Monday, July 15, 2013

Always


He first came to me during meditation about two years ago.

Alone, in the silence of my room, I'd been posing one of life's questions to the great beyond without any expectation of an answer. Suddenly this being seemed to just be there. He was right beside me. His presence was profoundly real.

My first thought was not, how is this possible? It was, why is he male? For a very long time I'd proclaimed to anyone who seemed willing to listen that God - however one defines God - was certainly around before genders. I could see no reason an infinite entity would feel the need to be limited to one gender or another. Yet, here before me was a being that seemed to exist beyond the physical world and I couldn't deny that he was a he.
The question--the all consuming life-journey question I'd been posing to the Universe--was an ussue I'd been struggling with for years. I felt desperate and pushed resistance aside. 

"Are you really there?"

"I am here."

And right then and there, this being showed me the way through. A new understanding unfolded around me and my issue resolved.

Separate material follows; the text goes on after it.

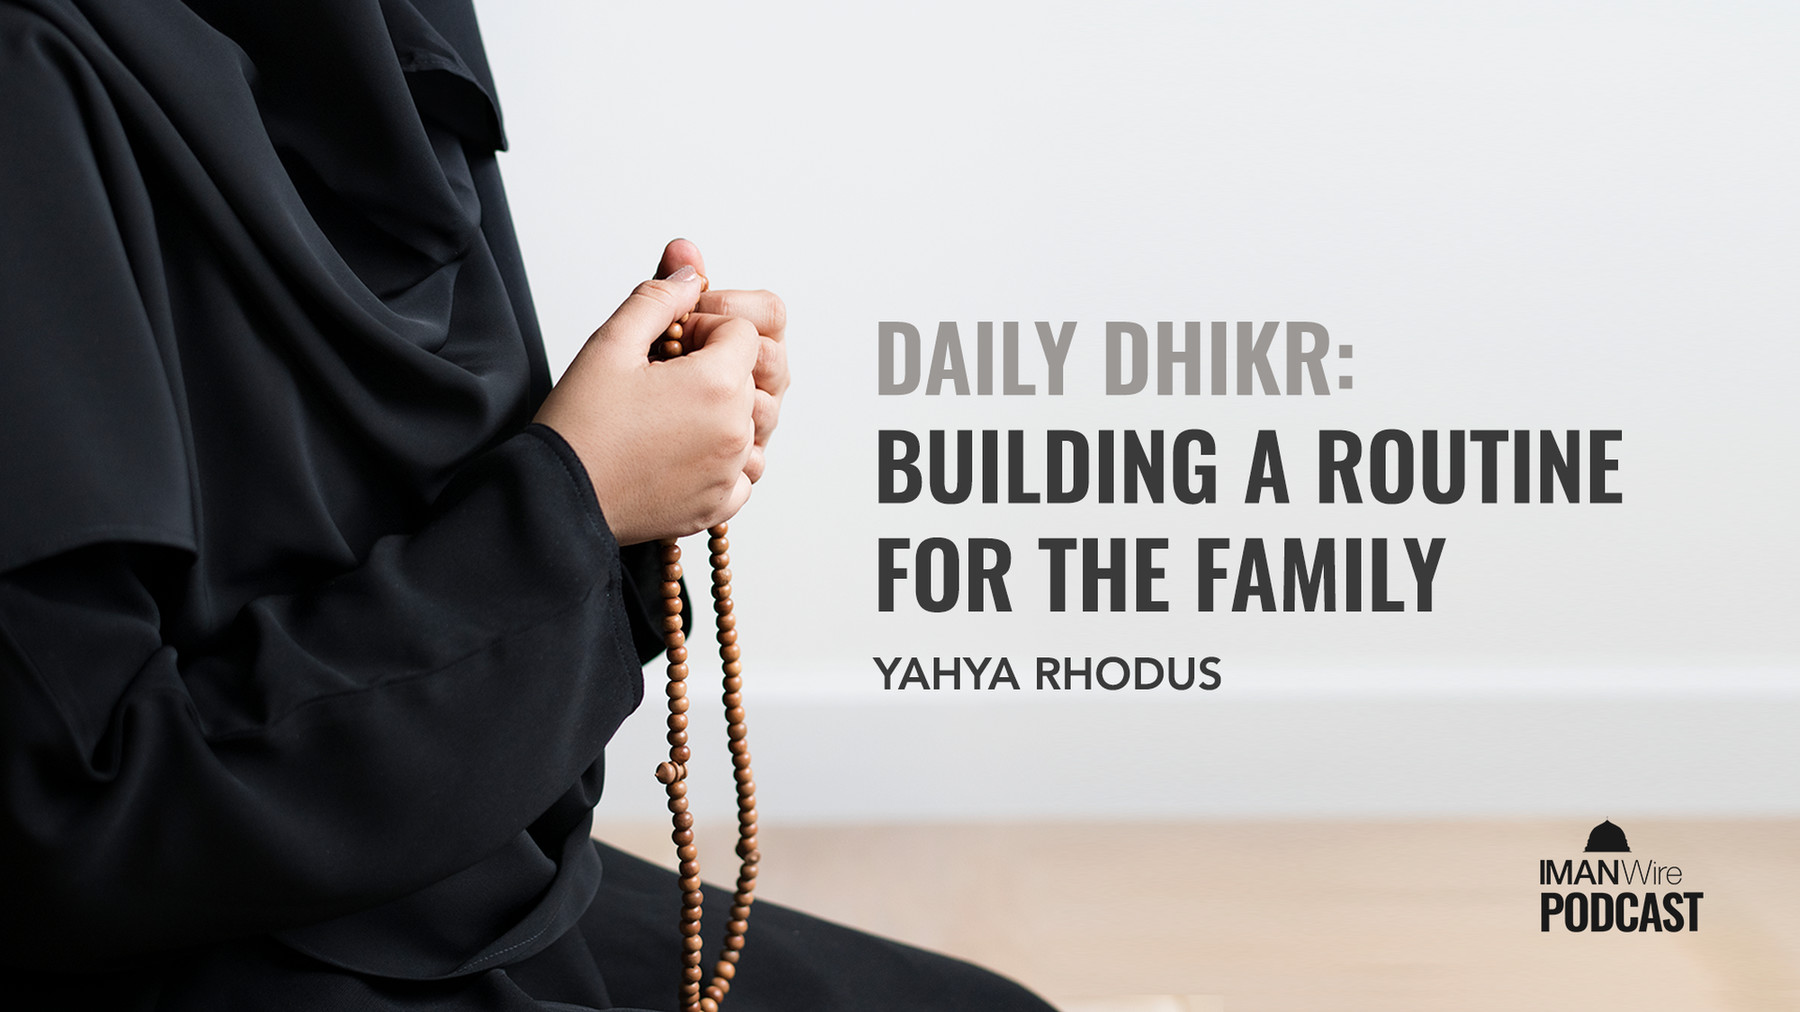 20210104 THUMBNAIL Daily Dhikr Building A Routine for the Family 1920x1080

Since then, he's come to me again and again. I came to think of him as my guide, and whenever I sought him out, 

"Are you there?"

He'd appear.

"I am here."

Sometimes I'd forget. I'd struggle on my own until I couldn't stand it anymore and then suddenly I'd remember and ask, "Are you there?"
"I'm here." 
As trust grew between me and this seemingly all-knowing one, I called on him more and more. 
"Are you there?" 

He began to answer, "Always." 

And recently, I've come to call him with a single questioning word. 

"Always?"

"Always."
I've just returned from a women's retreat. We shared songs and strength,  deep connection and gentleness. The experience filled me up with love as I bonded with fifty spirit-filled women. On the last night, I had the opportunity to read something I'd written to the whole group. 
But I didn't. 
Out of nowhere, I suddenly found myself filled with fear. This was much more than stage-fright. I was in a full-blown panic and this brought such anger--anger at myself--that it brought me to tears.As far as I've come, despite all my hard work, I was so full of fear that I could not even speak.
I was crying from anger at my fear and embarrassed that I was crying. It was all so confusing! I ran outside and found a dark place to hide my tears far from the rest of the group.  
I walked aimlessly until I saw the labyrinth. I'd walked it the night before with several others, but it was empty this time. I paused at the entrance and wiped my face on the backs of my hands. 

"Always?" 
"Always."
I stepped onto the path. My guide matched my pace around the curves and bends while I gathered my thoughts. Through gritted teeth I finally called into the night, "Am I ever going to be rid of this fear?"
"Yes."
The word was so clear and true in my mind, but my anger wasn't finished. It bubbled up and I spat out, "I've worked so hard! It isn't fair! I could have read to the whole group and I wanted to. I wanted to share with them, and it was safe to share with them and I've worked so hard! But this fear... this fear! Why haven't you taken it away?"
He smiled as I seethed, exuding a gentleness that seemed to stroke my hair. He said, "You've never asked."
I stopped still, gasping at that truth. 
A breath. 
Another breath. 

I started forward again, my pace slower as I ran over all the things I'd tried to rid myself of fear. Doctors and therapists, massage and reiki, meditations and medications... I've struggled through so much of my past but the one thing I'd never done was ask to have my fear taken away. 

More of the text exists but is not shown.